Lifetime interest only mortgages have played an important role in assisting homeowners near, or in retirement to raise tax-free cash during a post Mortgage Market Review (MMR) era. When mainstream mortgage lenders were denying lending into retirement, it has been this type of equity release mortgage that has helped their plight by offering a sensible and flexible interest only lifetime mortgage for pensioners.
How Does an Interest Only Lifetime Mortgage Work?These home equity release schemes are based on the same set of principles as standard lifetime mortgages with a minimum age of 55. The loan-to-valuation formula is based on the age of the youngest applicant and the market value of the property. The amount of equity released increases the older the homeowners become, due to their reducing life expectancy period. This would seem contrary to the needs of an interest-only plan, however there are features within these plans that allow a switch to a roll-up plan at a later stage.
Interest only lifetime mortgage providers are now required to ensure affordability and therefore will require proof of income in most cases. However, the unique features of these plans means the level of interest repaid back to the lender can be determined by the homeowner. Dependent on factors such as pension income, inheritance retained & size of loan taken, you can select your level of contribution. This must be proven to be affordable using bank statements and P60’s, with payments usually made by monthly direct debit.
If the contribution level selected is lower than the interest charged, there will be an element of roll-up, albeit slower than if no payments were made at all. The most popular route for interest only lifetime mortgagees is to fully repay the interest each month, thereby maintaining a static mortgage balance. This is ideal for those with good surplus pension incomes who would rather service the interest charged than it rolling up, thereby retaining as much home equity in their property as possible.

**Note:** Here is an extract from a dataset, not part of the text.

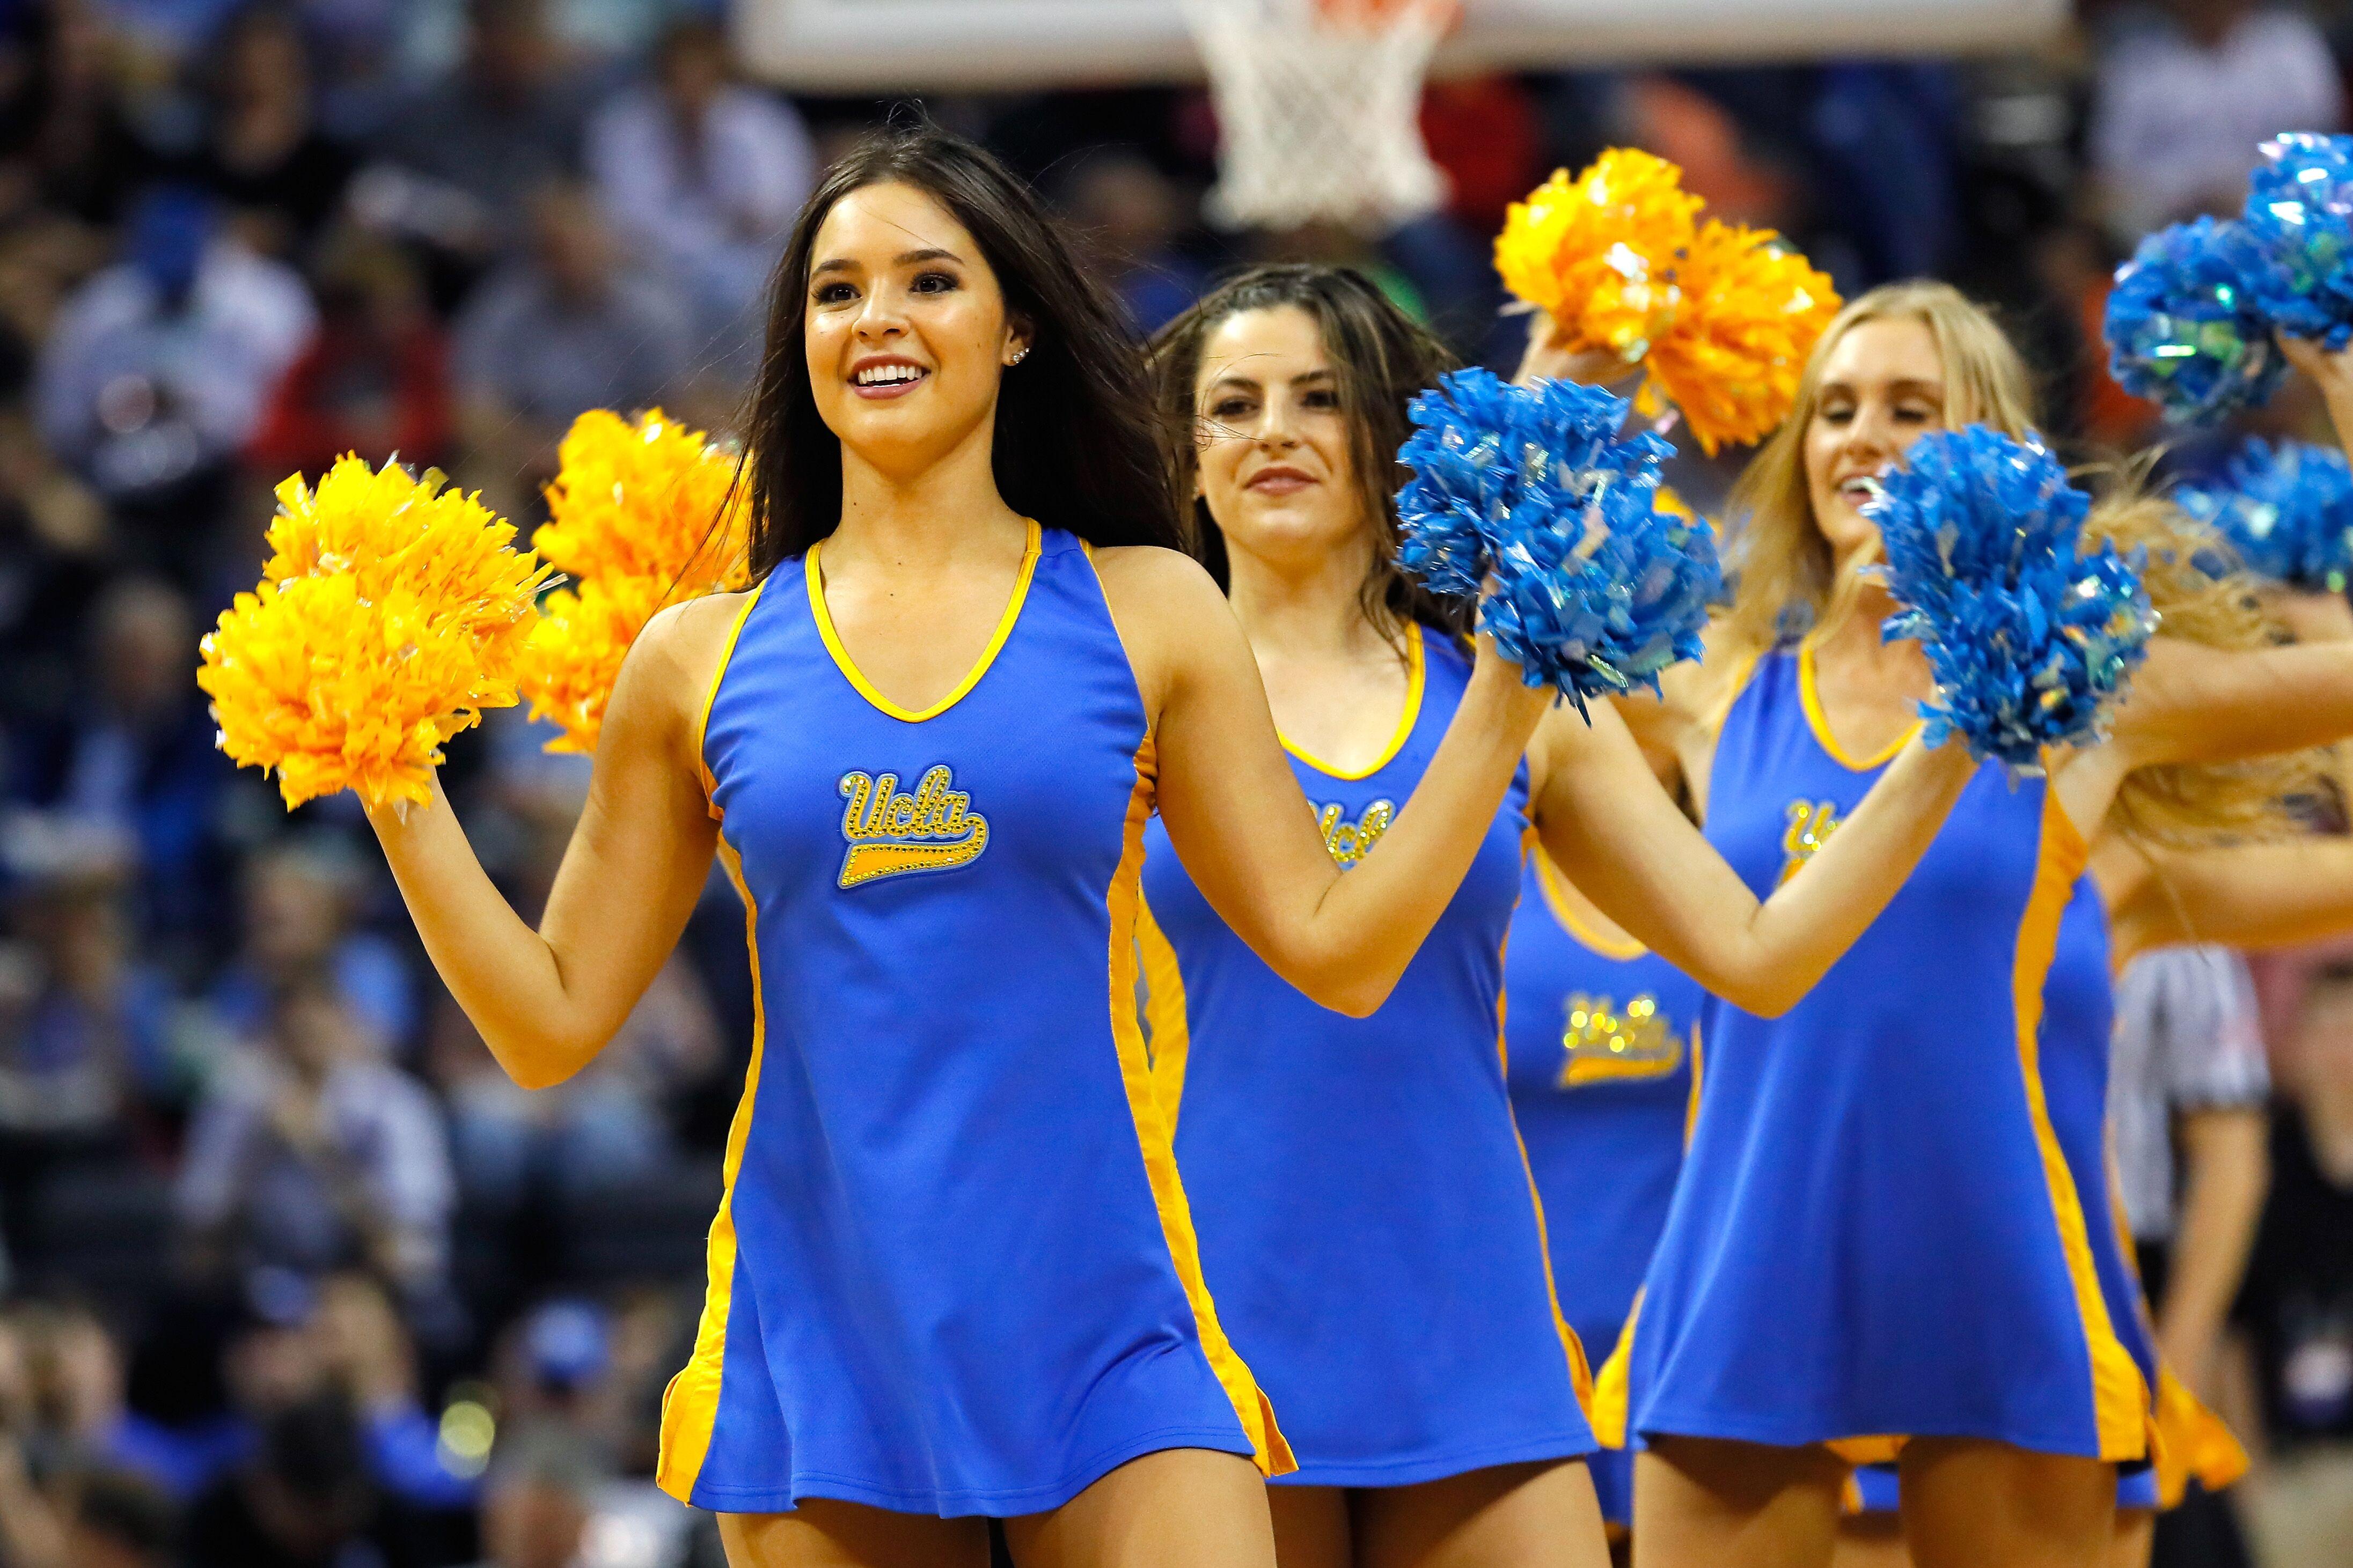 UCLA Basketball: The Women's and Men's 2017-18 journey begins

Can I Still Obtain A Mortgage In Retirement?Many people requiring retirement lending have previously found it difficult to obtain finance on the grounds of age. Although lenders are starting to address such issues, there still seems much prejudice against lending into retirement. However, lifetime mortgages have bucked this trend by introducing equity release schemes where age is no barrier, allowing borrowing between the ages of 55 to upwards of 90. Using a sensible lending approach and flexible features reflecting the possible changing fortunes in retirement such as health and lifestyle, these plans offer a great opportunity to raise finance in older age.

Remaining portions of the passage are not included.